Sally is a really busy person - more vendor yap
(anti-buzzwords)
Had a week full of vendor meetings and presentations this week,
captured some random thoughts:
- Bad Buzzwords 1 - I definitely tune folks out when
they use the word "cool"
to describe some piece of technology - how 1990's. The weird one came
this week from a older gent, representing a fairly large company that
has mixed hardware and professional services areas. A true moment of
cognitive
dissonance to hear that one.
- Bad Buzzwords 2 - Another one - probably a pet
peeve of mine, maybe not for most folks - is the old "disparate
systems" rap. That so reeks of EAI high concept junk words. I once
wrote an RFP that specifically prohibited the use of the phrase;
nobody violated the provision, but nobody asked about it either, so
they have no sense of humor or don't read the things.
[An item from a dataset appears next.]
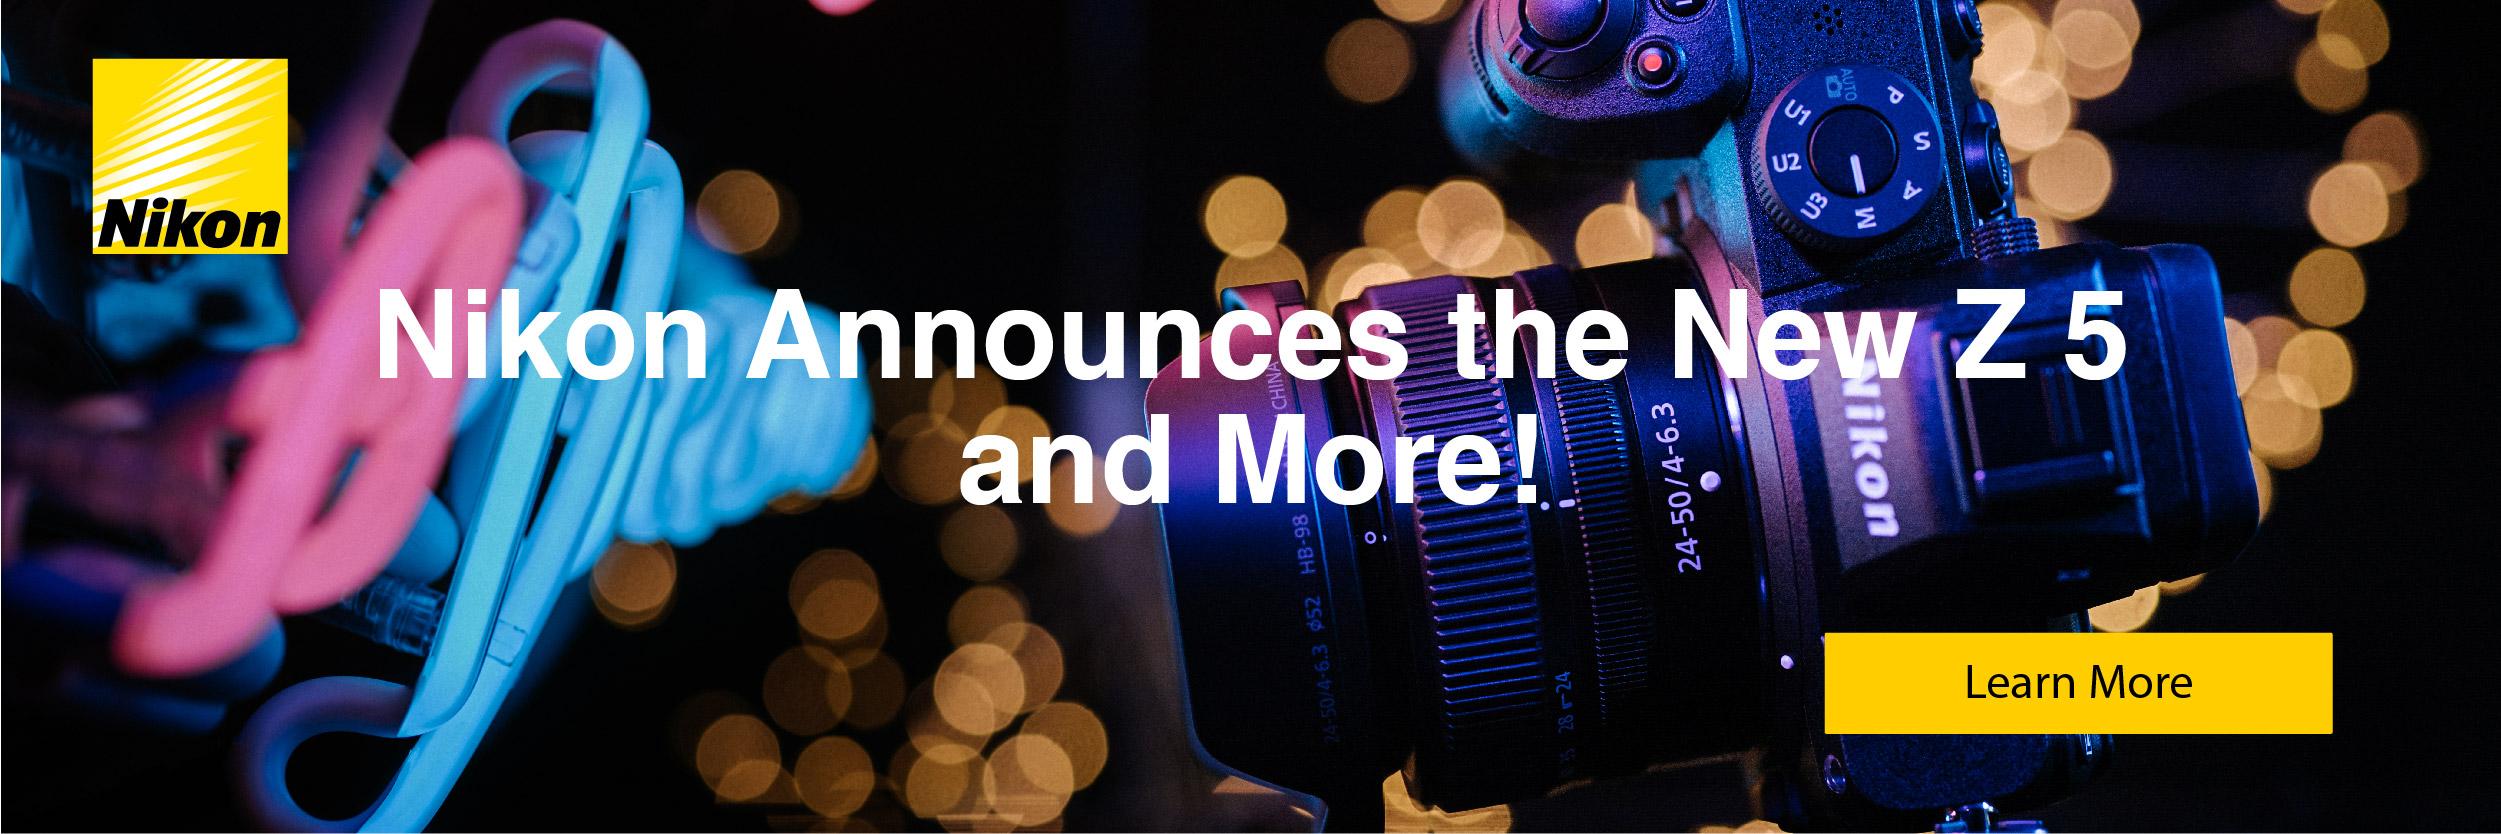 Nikon Announcements!

- Here's a classic - sexist examples of use cases / scenario
building. We were looking at CRM packages, and the idea that most
status reports were being handled by "Sally
the receptionist" typing the stuff in. In a later conversation -
different vendor, same product area - "Sally" had at least graduated
to rep level. I wonder who this archetypal Sally person is, she has
really left a strong impression on the world.
- Bad Buzzwords 3 - I like calling vendors on the
carpet when they use buzzwords to make their product a mandate. Best
example, but this was a few weeks ago, was the hardware vendor that
pointed out their enhancement would increase bus throughput from SAN
storage to the CPU - helping with SarbOx
compliance. Oh? Which specific requirement included hardware speed in
support of tight financial controls? That one was actually fun, my
Tech Ops director said I was in rare form.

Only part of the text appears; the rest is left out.